Your conclusions are logical and mostly correct.





The following glosses over some things (and I may have goofed up in 
places)....

1) A filesystem is nothing more than a data structure, normally a 
single-rooted tree.
2) A filesystem as a computer science construct has no connection with 
any storage medium, be it magnetic (disk or tape), solid-state 
(persistent or volitile), or even an object database. [I'll get to 
implementation later.]

In other words, view a filesystem as a data structure completely 
separate from its storage medium (what you call "backing store"). If you 
view the two as being tied together on a theory level, then confusion 
can creep in.

Why do media come into play?

In an ideal computer, there would be unlimited non-volitaile RAM that 
operated at the same speed as the CPU. In this situation all data would 
always be available immediately. Shutting down the computer would not 
cause data loss. Unfortunately this is world of computer theory, the 
discrete mathematical underpinnings of computers.

When we cross into the "real" world engineering becomes dominant. Not 
only is RAM volitile, but it's freaking expensive, especially on-chip 
RAM. L1 cache typically runs at full speed, but it's not cost effective 
in large quantities. L2 cache is slower and cheaper, but still not cost 
effective in large quantities. Moving off-chip we find ordinary DRAM 
which is even slower -- but also cheaper.

But we still need non-volitile storage so we're not using toggle 
switches to manually key in stuff every time we start the computer. Of 
the different technologies, magnetic media have dominated because of the 
cost/benefit ratio. However, they are many orders of magnitude slower 
than the CPU. We measure instruction execution in nanoseconds (or 
faster), but measure hard drive access in milliseconds -- a million 
times slower. Even when data is flooding in, it's still tens or hundreds 
of times slower than RAM. That's a lot of virtual thumb-twiddling for 
the CPU.

Because it's a huge issue that affects overall performance, the kernel 
does provide some help in the form of caching. That's a different topic.

OK. So what does that have to do with the Unix system calls?

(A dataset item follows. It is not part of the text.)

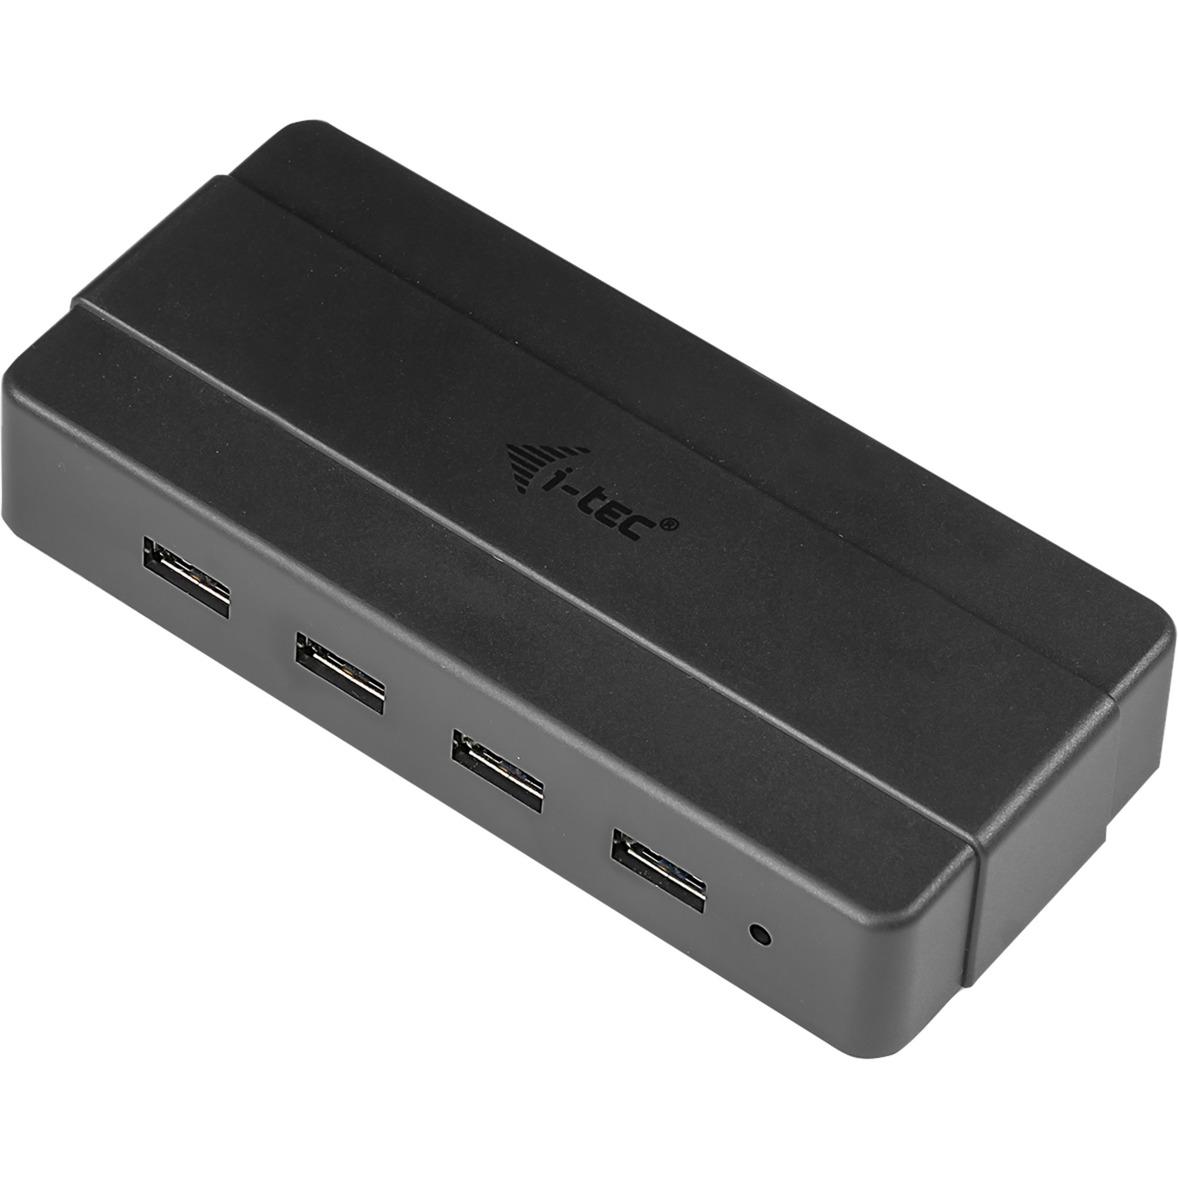 USB 3.0 Charging HUB, Hub USB

Unix has a standard view of all things [with few exceptions], including 
goofy things such as serial ports. The Unix paradigm see everything as 
nodes in a uniform single-rooted tree structure. This data structure is 
the Unix filesystem, and is entirely conceptual. Programs access the 
computer through a uniform set of system calls that access the edges and 
nodes of this conceptual tree.

Not all of these resources are actually files on a spinning magnetic 
disk. The /proc filesystem does not store files, but simply presents 
kernel information using a uniform subset of Unix system calls.

When we marry a data structure with the Unix system calls, we have a 
filesystem implementation. It doesn't matter whether there are really 
any magnetic bits on a spinning disk. The filesystem is simply data 
accessible through the same subset of system calls because that's the 
paradigm that the Unix designers imposed.

That's it. That's a filesystem. Nothing more, nothing less. There is no 
requirement for any medium.

OK. Stop jumping around. Put these pieces together.

Now we get into implementing a filesystem for generic data storage, 
where we need to start dealing with the "real" world of physical storage.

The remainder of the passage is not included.